И пока Братилов попадал с ведрами к дому, обильно оплескивая брюки родниковой водою, он всю дорогу тупо повторял эти знаткие, ворожейные слова, как заклинание: «Смерть надо покрывать жизнью. Смерть надо покрыть жизнью. Смерть надо повенчать жизнью». И он не удивился, когда, открыв в боковушку дверь, увидал посреди комнаты белого зверька, сложившего на груди мохнатые, с черными кружавчиками лапки. Нет, то не была горносталька, – та длинненькая, перетянутая, с карандаш; и не крыса с умным, проникающим сквозь, презрительным взглядом; и не кошечка с зелеными бесстыдными глазищами. Неведомая зверушка стояла столбиком на задних лапах, а передними то ли отдавала команду невидимому, но всюду проникающему миру, иль молилась своим неведомым богам. Увидев Братилова, зверушка прыгнула к подпечку, где хранились ухваты, и осталась за нею лишь мерцающая в воздухе струистая полоска алмазной пыли. Хозяин ли то был, зазевавшийся домовушка, вдруг явившийся взору художника? иль странный сожитель, квартирант, пришедший из лесу на временное житье и застрявший в нем навсегда? иль голодный прошак, забредший за хлебенной коркой и оставшийся рядом с бобылем, чтобы разбавить его тоску и скуку? Но удивительно, что именно в годы разладицы и разрухи все жители мира зазеркального вдруг вернулись на землю, чтобы замутить разум и лишить его простоты. Все эти обавники, знахари, ведьмы, и колдуны, и чаровники притащили за собою всяких кикимор, и чертушек, и берегинь, и русальниц, баннушек и хозяйнушек, чтобы своим присутствием скрепить порвавшуюся нить между жизнью прежней и новой. Все соединилось за какие-то дни – и западня, внезапное улово посреди ровного места на хожалой тропе, и ворожейное слово бабы Мани, и неведомая скотинешка из нижнего мира.

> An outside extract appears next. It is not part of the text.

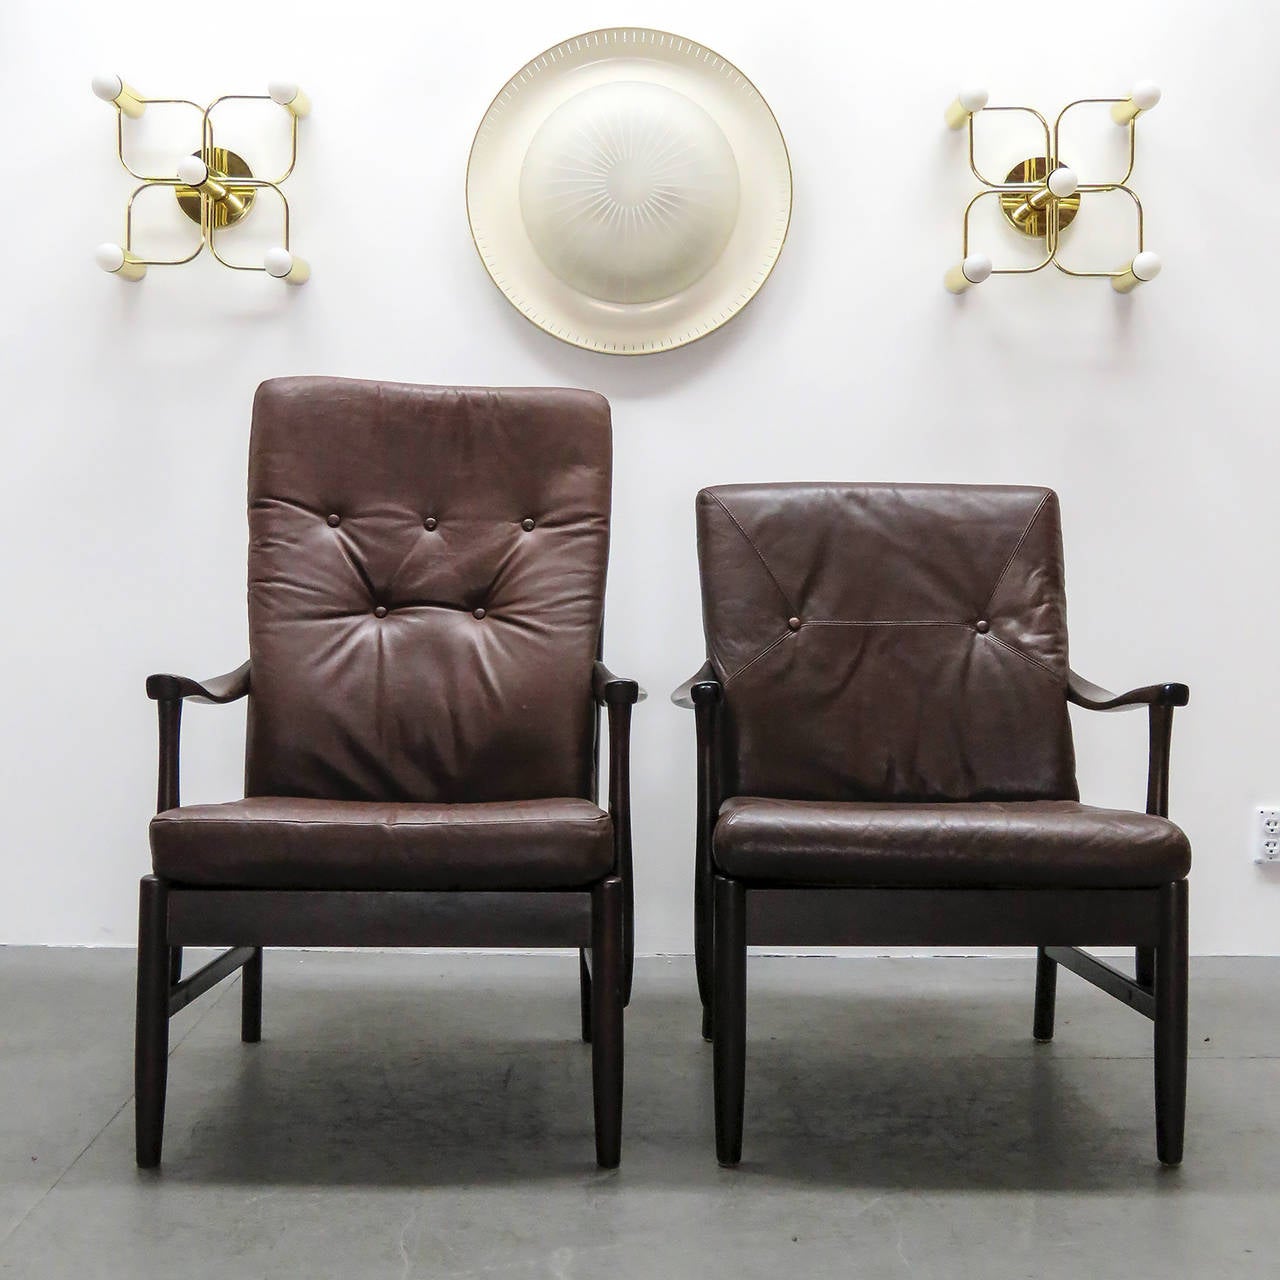 Wonderful set of Danish leather side chairs in style of Ole Wanscher, matching high and low back versions, solid dark beech frames with chocolate colored, tufted leather cushions, measurements for the high chair, low chair height: 34

Братилов встал на колени, пошуровал ухватом в подпечке, посветил фонарем, но ничего, кроме тлена и разора, не увидал в дыре: ни проточины, ни норы, ни тайного пролаза, словно бы неведомая зверушка утянулась прочь сквозь толстые плахи, из которых и был сбит подпечный ящик. Тогда Братилов выбежал из дома, чтобы на воле настичь пришлеца, но того и след простыл. Незваный гость выткался из неведомого мира, из Зазеркалья, и снова навсегда пропал? иль затаился в глухом углу, чтобы являться по ночам, завивать волос в кудрю, сбивать в ком простынку иль щекотать пятки? А может, всегда жил в схоронке и только нынче зазевался и вовремя не унес ноги? Братилов обошел свою боковушку, осмотрел, как надзиратель, подопечную камеру; бобылий угол уже почти встал на колени, смирился с подневольной участью, и, братцы, сколько же здесь обнаружилось вдруг мышиных троп, крысиных прогрызов и скрадов; тут и лисе впору ходить на ночевую иль гоститься, если бы торчал рядом курятник и было кормилище. Нижний венец изъела ржа, опорные стулки издрябли и покрылись пеною; и только сейчас понял Братилов неизбежность конца, и как скоро, оказывается, он подпирает, этот исход, как упрямо подталкивает под подушки, чтобы человек не упирался на миру и вместе со своим убогим житьишком убирался прочь с земли.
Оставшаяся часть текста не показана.